Selectivity and efficiency of nitrite electroreduction catalyzed by a series of Keggin polyoxometalates

Abstract

In this paper we have studied the influence of the charge and redox potential for a series of polyoxometalates (POMs) belonging to the Keggin family on the electrochemical reduction of nitrite or nitrous acid (NO2– or HNO2). We have focused on the correlation of gaseous products and the redox properties of the POMs.
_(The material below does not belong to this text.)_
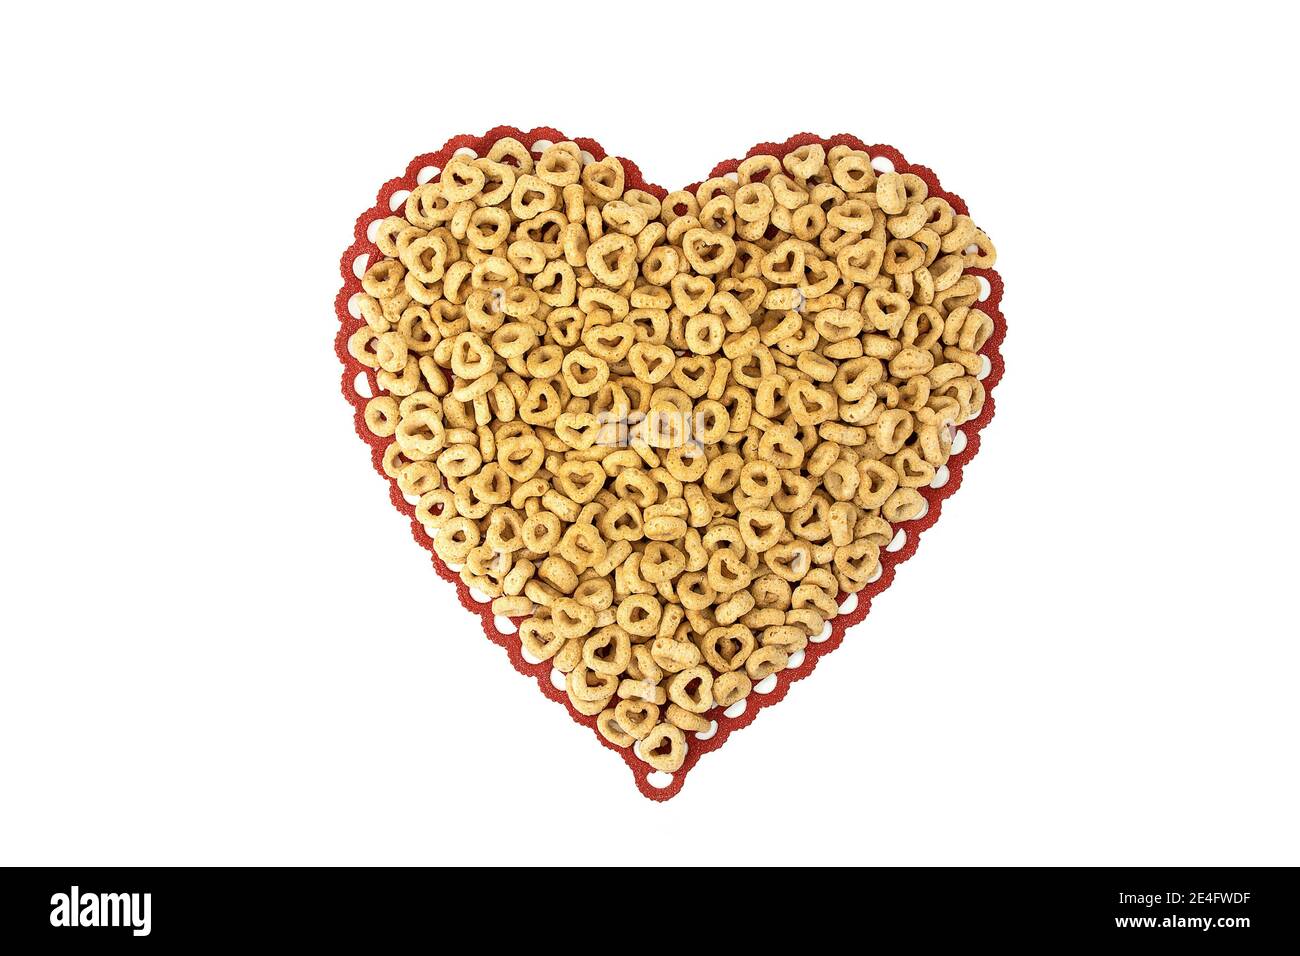 primo piano di cereali per la colazione con cerchi e cuori su rosso merletto cuore isolato doily su bianco Foto Stock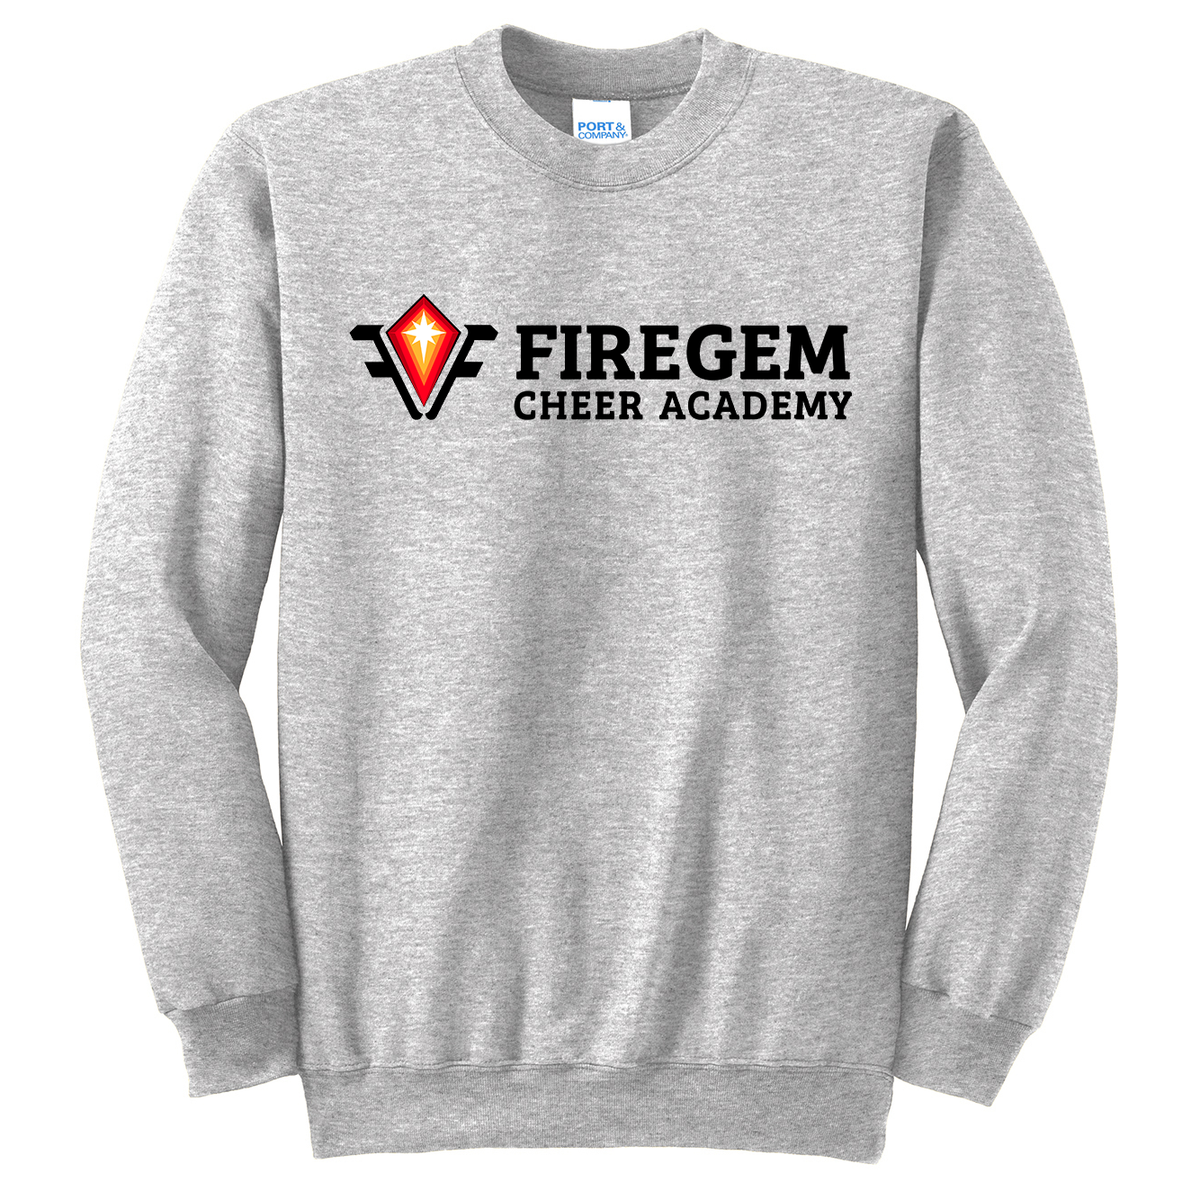 Firegem Cheer Academy Crew Neck Sweater

Analysis by differential electrochemical mass spectrometry (DEMS) showed that the gaseous products (NO and N2O) are formed at pH 2 and 5 by reaction of HNO2 or NO2– with the reduced POM. Only NO is detected when the POM ([PW12O40]3- , [SiW12O40]4-, [BW12O40]5-) undergoes the first one-electron reduction wave. However, N2O is obtained along with NO as soon as the POM undergoes two-electron reduction. The potential of the first reduction wave of the POM is correlated with its charge. Consequently NO and/or N2O appear at lower overpotential for [PW12O40]3- and [SiW12O40]4- followed by [BW12O40]5- and [H2W12O40]6-. Microkinetic simulations of the experimental current–potential curves were used to estimate the rate constant kc of the reaction between the reduced POM and HNO2 or NO2– in solution and the turnover frequency (TOF). At low overpotentials, the values of TOF are decreasing in a trend following the redox potential of the POM: [PW12O40]3- > [SiW12O40]4- > [BW12O40]5- while at high overpotentials the TOFs are dominated by kc following the reverse order. At pH 5 kc values are about 70 times lower than at pH 2. This is attributed to the decrease in the proton concentration and to the electrostatic repulsion between the negatively charged POMn- and NO2–.